Un’altra volta fu condotto dal beato Anselmo un tale il quale aveva perduta la vista; costui implorò soccorso e l’ottenne, poiché quell’uomo santo, innalzata una preghiera e tracciatogli sugli occhi il segno della croce, gli rese la vista in un istante e lo liberò così dalla cecità.
Al tempo dei Goti, mentre a Bomarzo era giunto il re Totila, il vescovo Anselmo, venerando per tanta virtù, andò incontro al re; ma costui, scorgendolo, lo disprezzò; e, spinto dall’ira, comandò ai suoi che lo tormentassero quanto più aspramente potessero, pur conservandolo in vita, affinché potesse essere da lui esaminato.
I feroci Goti, ministri di quel crudele re, presero Anselmo, lo circondarono e gli comandarono di non muoversi.
Il beato Anselmo, punto da tanto dolore, gemette allora:”O Gesù Cristo, soccorrimi”.
A quelle parole, lo spirito immondo invase gli sgherri, i quali, stramazzando a terra, furono tanto straziati da quelli finchè ne morirono.
Ciò essendo stato riferito al barbaro re, egli si piegò a ricevere onorevolmente così grande uomo, nonostante la sua fierezza.
Un giorno, un soldato invitò il beato Anselmo a recarsi nella sua casa per pregare per sua moglie, che si chiamava Giovanna, la quale giaceva paralitica da cinque anni. E poiché il santo ebbe pregato, quella donna guarì.
Una giovane, figlia di un militare di Bomarzo, restò incinta ed ebbe un bambino; quindi calunniò un diacono, come se questi l’avesse indotta a compiere il male. I genitori della giovane, avrebbero voluto uccidere il diacono; ma si recarono dal beato Anselmo ed essendo domandato loro quando era nato il bambino, risposero:”Stamane, alla prima ora del giorno”. Il beato Anselmo comandò allora ad essi di portargli il bambino ed avutolo davanti a sé lo interrogò così:”Dimmi, o bambino, in nome di Gesù Cristo, se questo diacono è veramente reo”. Ed il bambino rispose:”Questo diacono è santo e puro, né si è mai macchiato di tali delitti”.
Un altro giorno, mentre il beato Anselmo era intento a pregare, una grossa serpe gli si rizzò davanti, dai piedi all’altezza del petto; ma egli non interruppe la preghiera; ed avendo poi terminato, disse alla serpe:”Lo so che fin da quando tu fosti prima creata, hai sempre nociuto agli uomini, quanto più hai potuto.
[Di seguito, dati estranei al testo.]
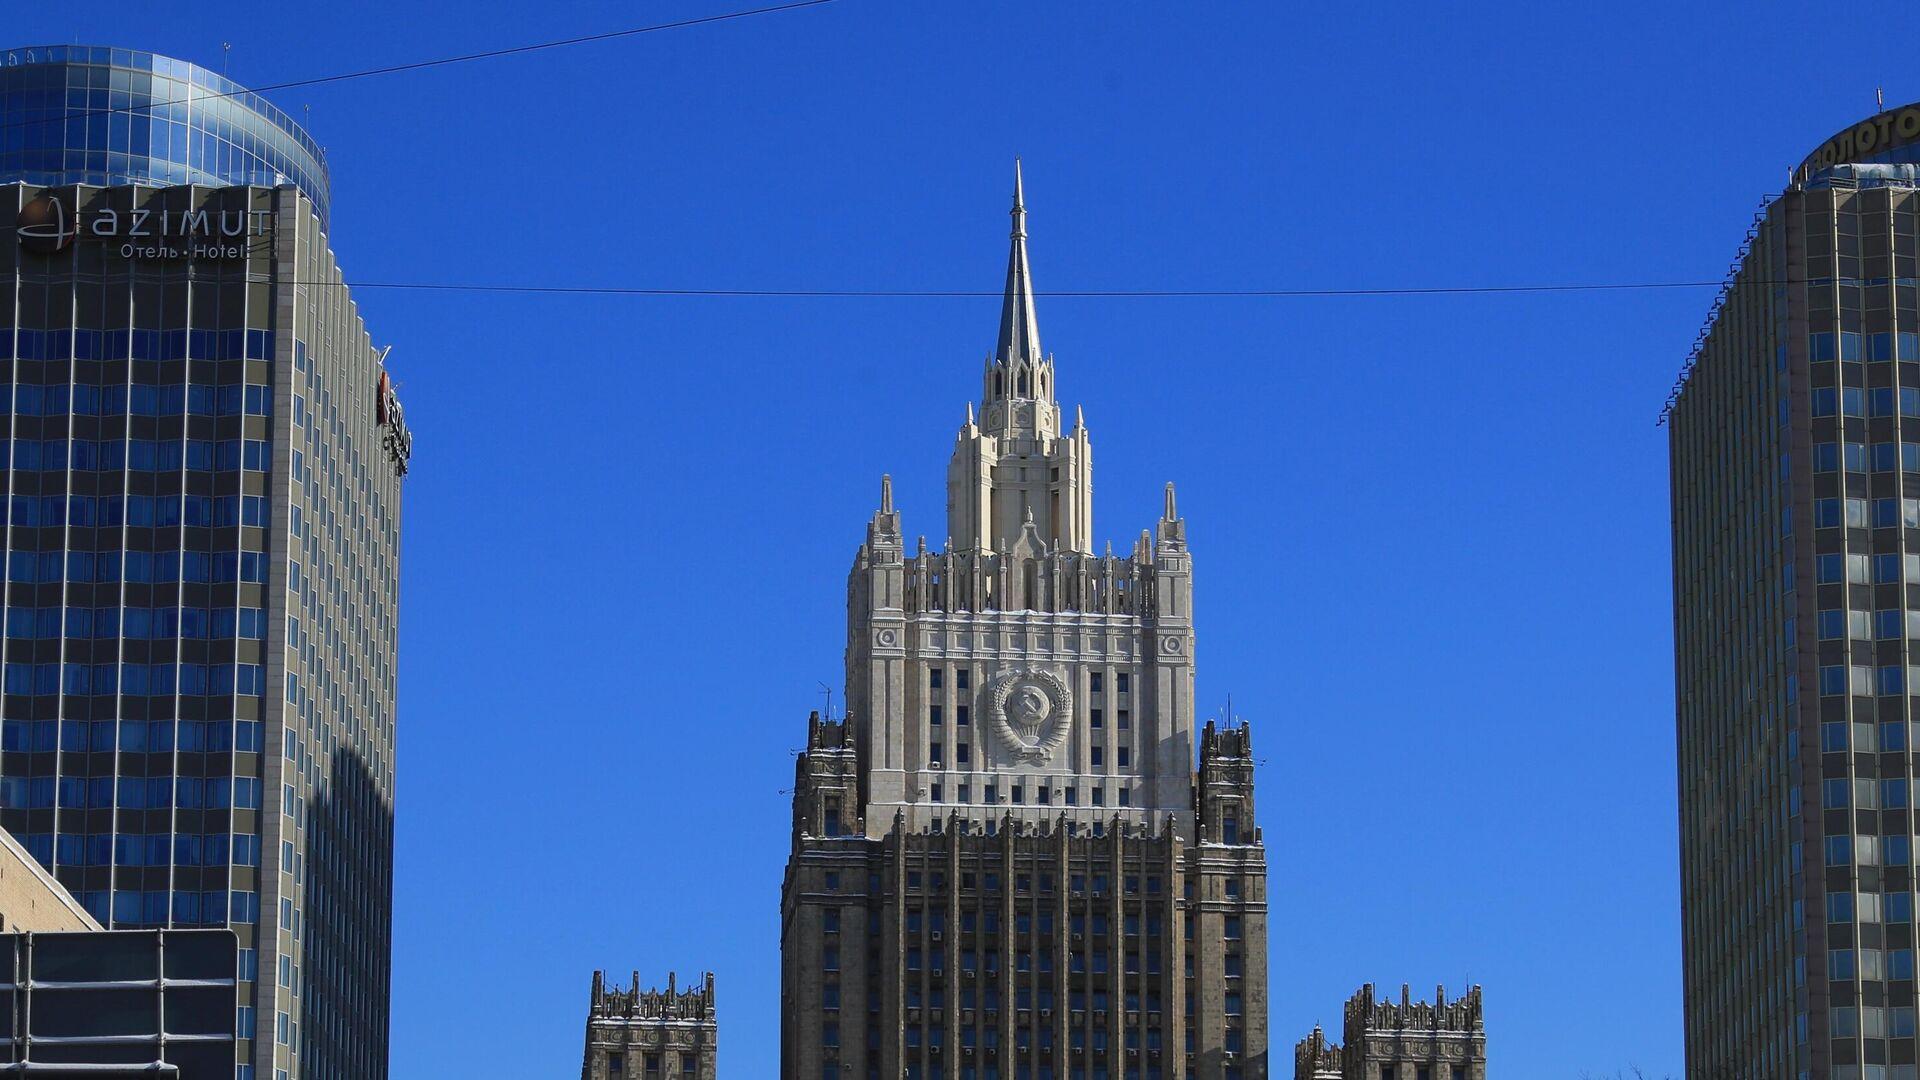 Здание Министерства иностранных дел РФ  - РИА Новости, 1920, 28.05.2021

Ma ora, se ti è concesso qualche potere su di me, fa pure ciò che ho meritato”.
Appena il santo ebbe pronunciate tali parole, la serpe stramazzò ai suoi piedi.
Una notte poi, mentre egli pregava, fu, per opera del diavolo, tormentato da cocentissima sete; e si fece portare acqua fresca. Ma, avendo capito che il demonio lo aveva ingannato, sovrappose un guanciale al vaso entro cui racchiuse il demonio; il quale poi, per la notte intiera, compì forte schiamazzo. Ed il mattino, quegli il quale era andato per sedurre, se ne andò svergognato.
Un’altra notte, essendo egli andato, secondo la sua consuetudine, a compiere una visita nella chiesa della città, udì i suoi chierici che contendevano insieme. Egli, entrando nella chiesa, pregò per essi; ed in essi si spense allora ogni ardore di passione; e, venutigli avanti, gli domandarono perdono.
Allorché giunse l’ora della morte, il santo fece chiamare a sé tutti i chierici della città di Bomarzo; e, dopo averli consolati con affetto paterno, li esortò nell’amore di Dio rivolgendo loro affettuosa e dolce ammonizione. Quindi, pregando insieme ai chierici, spirò tranquillamente.
Gli angioli condussero la sua santa anima fino alla gloriosa reggia del Re supremo, con lodi e giulivi canti, in modo che quanti erano presenti li udirono.
Il clero ed il popolo poi trasportarono con devozione e riverenza grande, il corpo suo santo, imbalsamato con aromi, cantando salmi e lodi, nella chiesa dedicata alla beata Madre di Dio; ed ivi lo seppellirono.